A universally accepted scientific perspective, the best current explanation of a natural phenomenon, has been termed a paradigm. A paradigm can be thought of as the foundation upon which a scientific structure is erected, similar to laying brick upon brick of new findings and insights. As each newer paradigm replaces an older one, today’s “truths” become tomorrow’s myths. In orthodontics, at present, we are on the threshold of a paradigm shift that changes the fundamental conceptual underpinnings of orthodontics, and with it, the traditional emphasis on diagnosis and treatment planning.

The goal of any orthodontic treatment is to achieve desired tooth movement with the minimum number of undesirable side effects [1]. Strategies for anchorage control have been a major factor in achieving successful orthodontic treatment since the specialty began. With conventional orthodontics, it is almost impossible to achieve absolute intraoral anchorage.
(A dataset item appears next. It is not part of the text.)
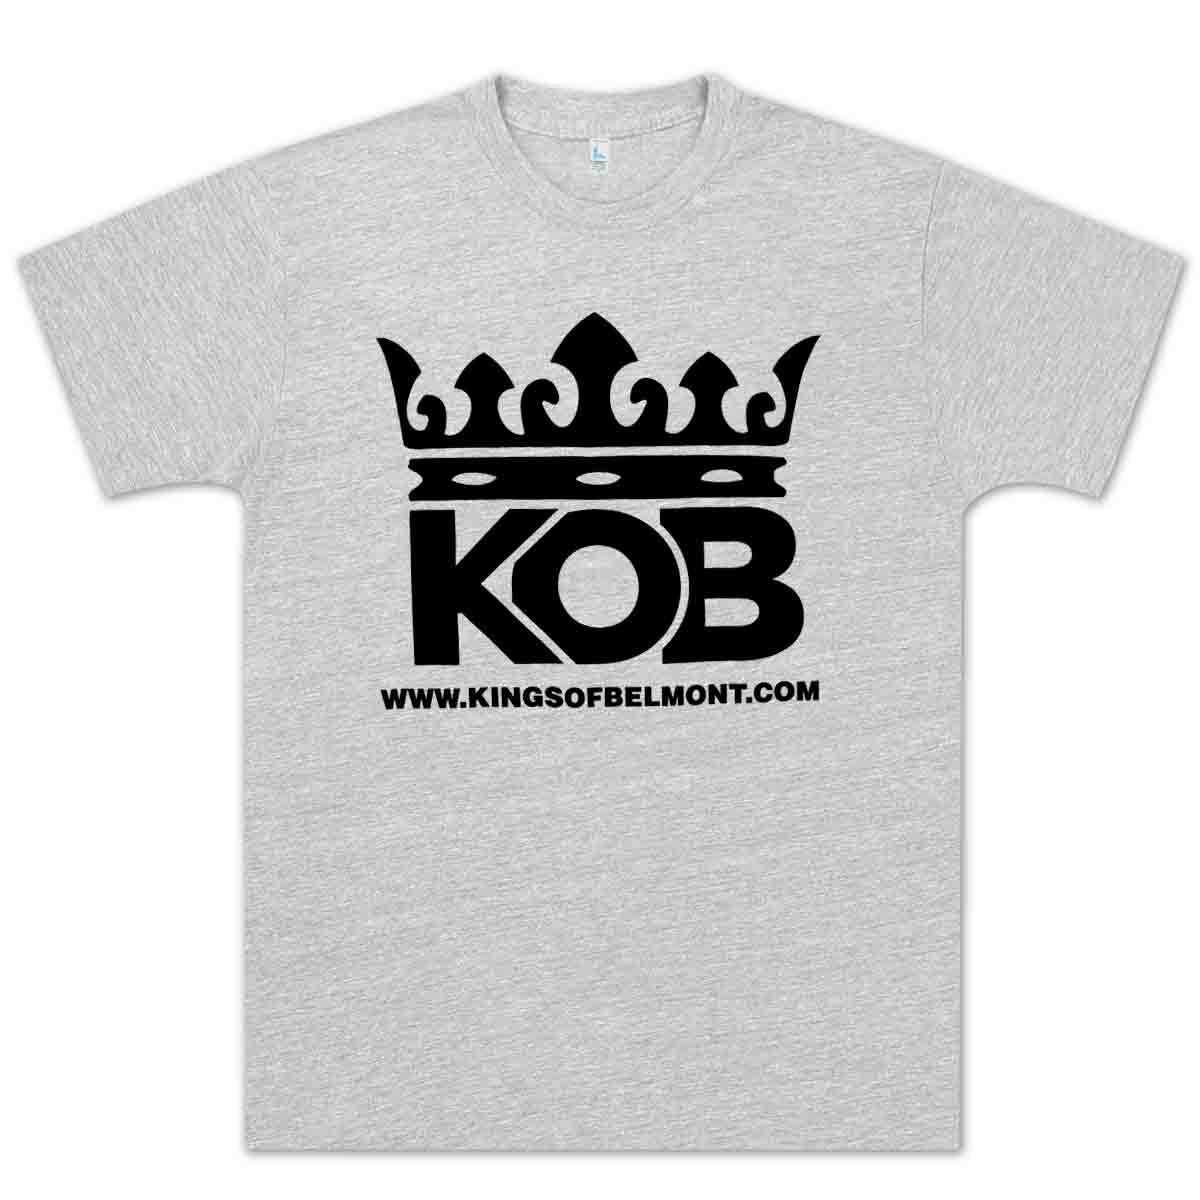 Kings of Belmont Logo Unisex T-Shirt - Heather Grey

Recently, the use of skeletal anchorage has grown in popularity, especially in challenging situations [2].

The field of orthodontics has had a lot of landmarks in its evolution, but very few can match the clinical impact made by micro-implants and the recently introduced extra-radicular bone screws. Temporary anchorage devices have revolutionized the orthodontic field with their concept of absolute anchorage and have proved to be an adjunct in the hands of a clinician to gain control in handling complex malocclusions and clinical challenges.

It aids in the conversion of borderline surgical cases to cases that can be handled with bone screws in an equally effective way. The purpose of this review chapter is to offer to the reader, an insight into the depths of orthodontic bone screws from cradle to what has been explored till date, while touching upon integral aspects that might prove to be of use in both an academic and a clinical sense [3].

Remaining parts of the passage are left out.